Я оставляю ее и двигаюсь дальше, размахивая красным металлическим огнетушителем, обрушивая его на ряды пробирок и горелок Бунзена, но доктор Рэнкин не оставляет попыток помешать мне.
Она протягивает руку и хватает меня за лодыжку. Я изо всех сил пытаюсь вырваться из ее жесткой хватки. Оглядываясь вокруг, я вижу, что работы еще непочатый край, и не могу сдержать стон отчаяния. Обезумев, я размахиваю ногой, чувствуя, как слабеет хватка. Чудом мне удается освободиться, и, отскакивая в сторону, я слышу, как доктор заходится в крике ужаса.
Я летаю по комнате, создавая хаос, сопровождая это дикими воплями. Пот катится по спине, но я упиваюсь погромом. Словно одушевленный ураган, я сметаю все на своем пути. Я пришла сюда в надежде найти частички моего естества, которые извлекли из меня, но теперь, когда адреналин бушует в крови, я заряжена таким огнем ненависти, что готова на большее. Я чувствую себя живой, яростной, одержимой. Мощная сила, идущая изнутри, показывает мне, что физически я гораздо крепче, чем могла себе представить. Осознание этого заводит меня.

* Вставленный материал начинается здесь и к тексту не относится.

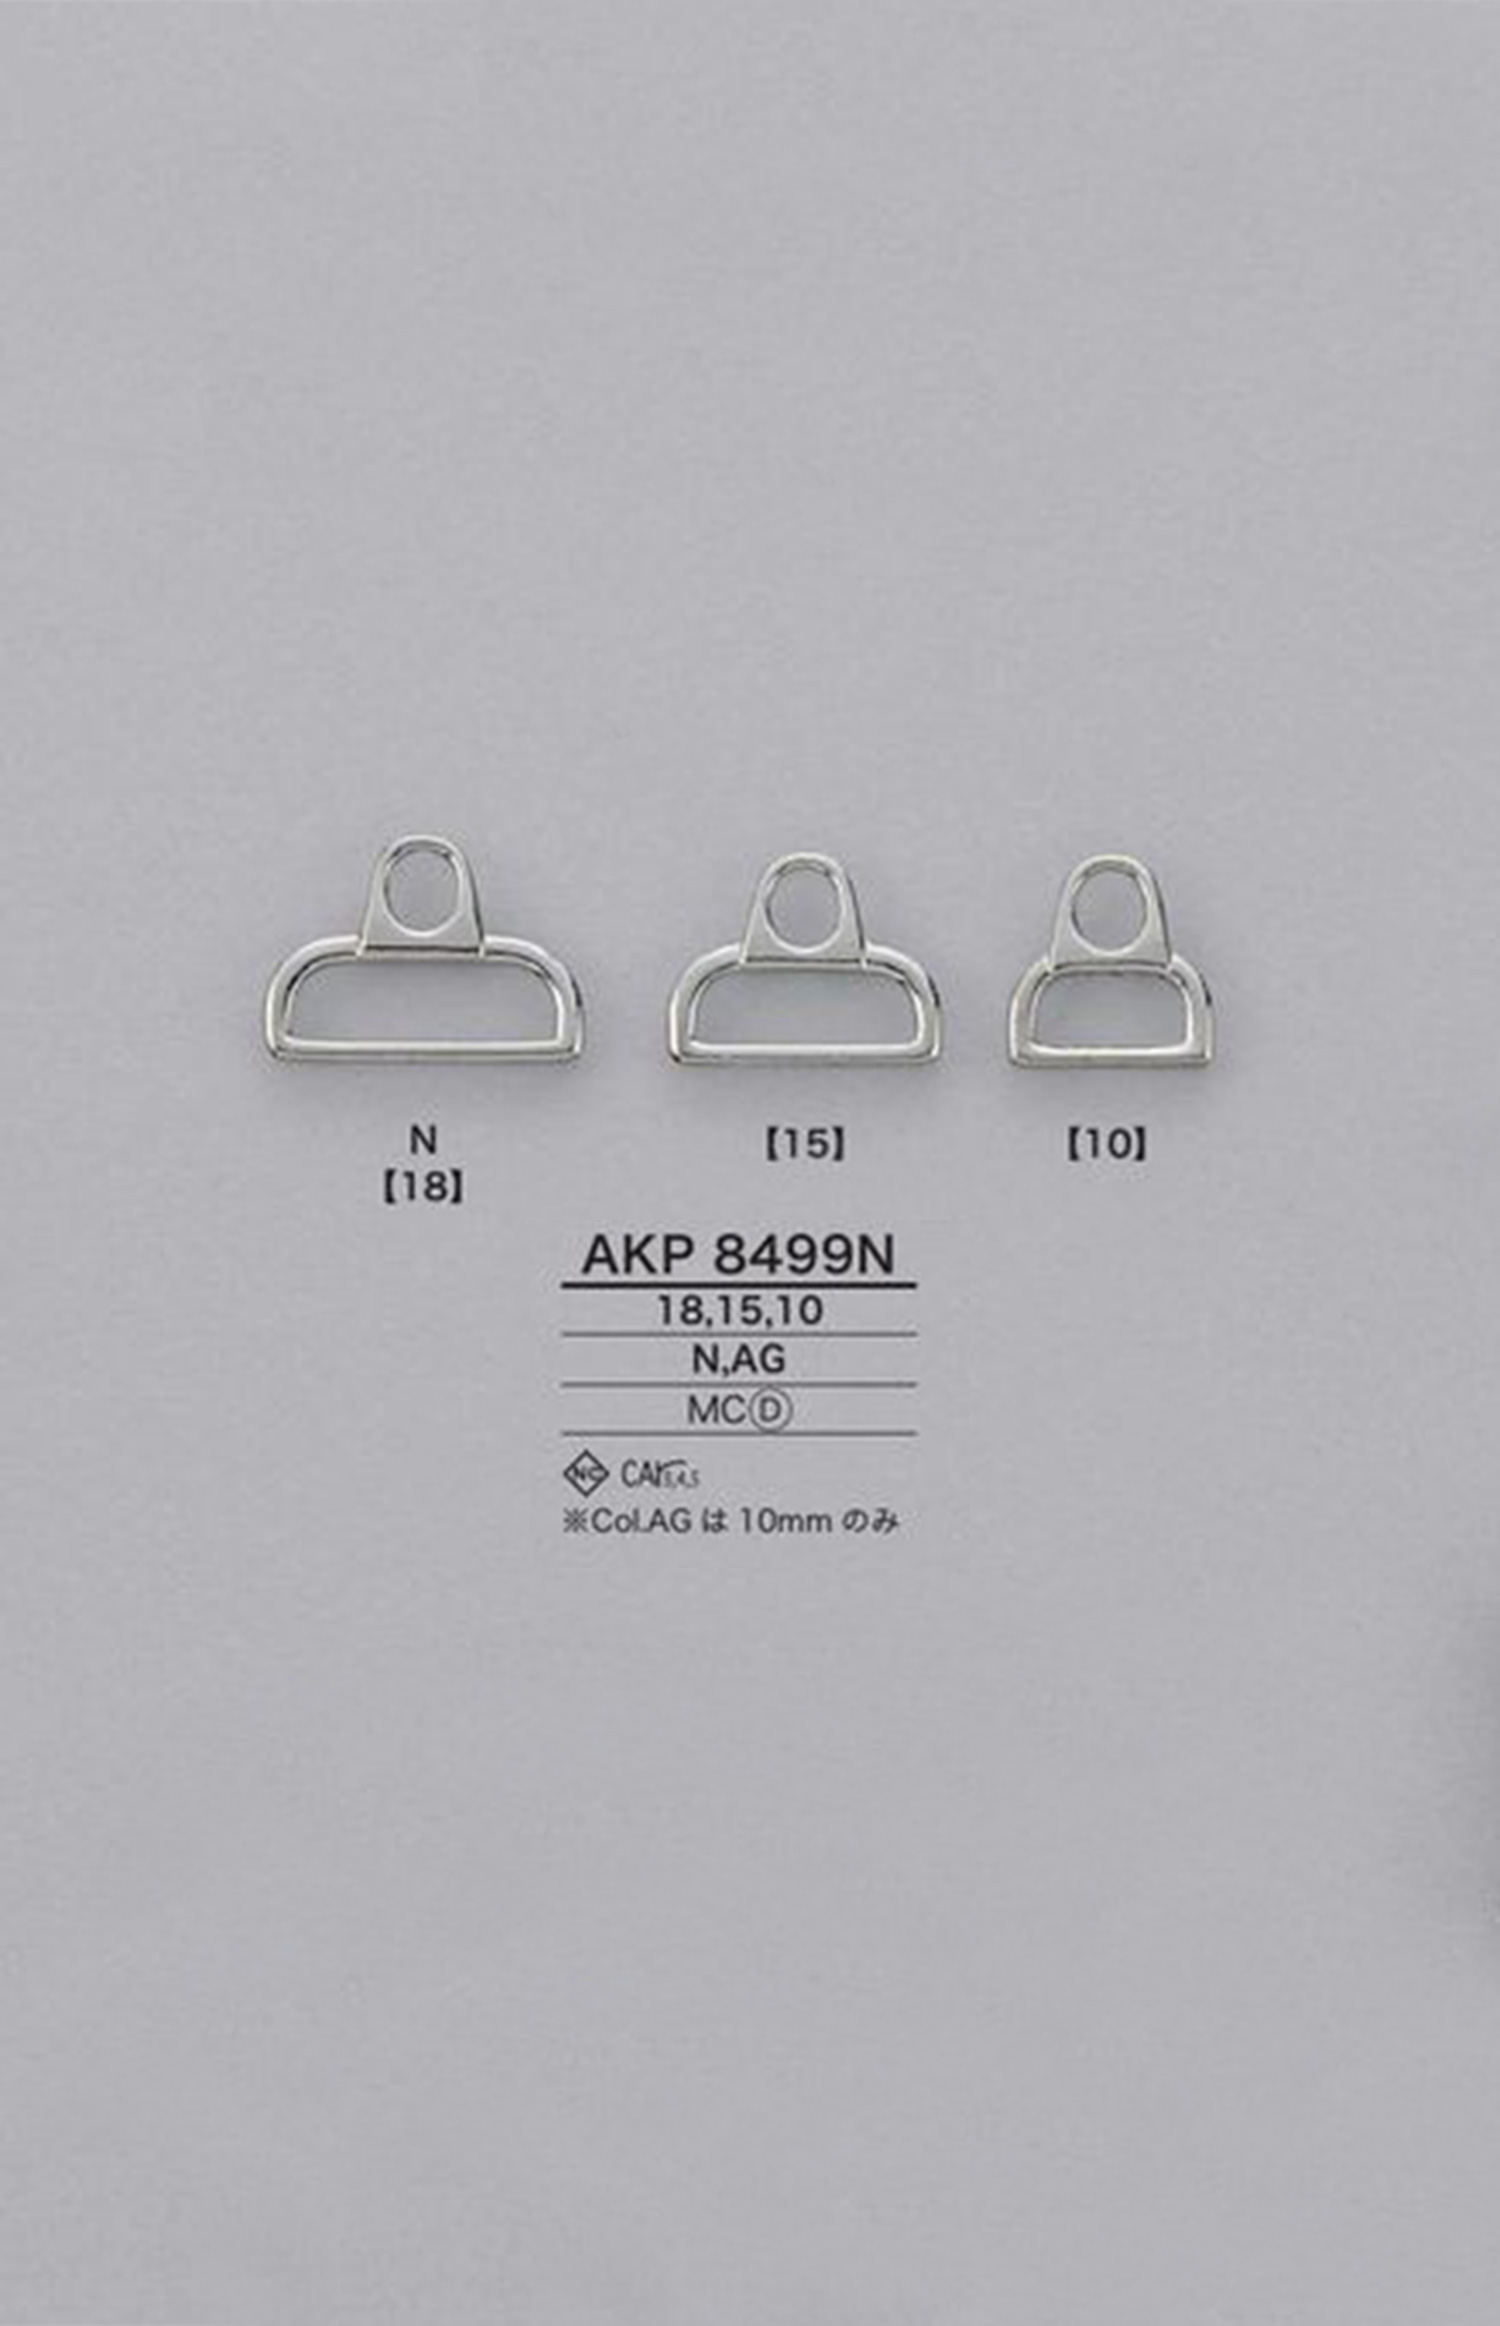 AKP8499N 压力铸造拉链点（拉头） 爱丽丝纽扣

Толкает вперед. Жизни, которые они создают и разрушают, колдовские эксперименты, раз за разом терпящие неудачу – все это результаты их варварства. Я хочу покончить с этим. Я не хочу, чтобы они стряпали идеальных мальчиков и потом избавлялись от них как от не соответствующих требованиям. Я не хочу быть частью этого обмана.
Оглушительный стук в дверь напоминает мне, что время на исходе. Скоро они будут здесь, чтобы утащить меня наверх и заставить жить той жизнью, которую придумали для меня. Вовсе не им я обязана своим рождением, и меня бесит, что они присвоили себе право распоряжаться моей жизнью.
Я стираю в порошок все, что попадается под руку – не только ради себя, но ради любого ребенка, который, хочет он того или нет, окажется под их попечением.
53
Брэм
Домой мы отплываем в молчании. Тел погибших с нами нет. Никаких личных вещей на память. Прощайте, Фрост и Джонни.
Все, что осталось от них, это груда щебня на том месте, где когда-то стоял дом. Секретной тюрьмы Эрни больше нет.
Пока мы медленно плывем по отмелям внешнего города, медики хлопочут вокруг Эрни.
– Он справится, – передает голос по внутренней связи. Я выхожу на корму, к микрофону.
– Хорошо. А как женщины? – спрашиваю я, поглядывая на челнок, идущий следом за нами.
Тишина на линии.
– Алло? Вы меня слышите? – спрашиваю я.
– Да, сэр, – отвечает голос, и я вижу, как молодой фривер поворачивается ко мне с кормы заднего челнока. Его слова эхом отзываются в моей голове. Сэр. Так они обычно обращались к Фросту. Теперь – ко мне. Его голос прорезает мои мысли: – Женщины не позволяют осмотреть их, сэр.
Я оглядываю челнок с нашими новыми пассажирами. Анна и пять других женщин жмутся друг к другу и так дрожат от страха, что рябь идет по воде.
– Мы сделаем все возможное, сэр. Внешне они как будто невредимы.
– Спасибо… Как тебя зовут?
– Гроббс, сэр.
– Спасибо, Гроббс. А я – Брэм, а не сэр. – Конец связи.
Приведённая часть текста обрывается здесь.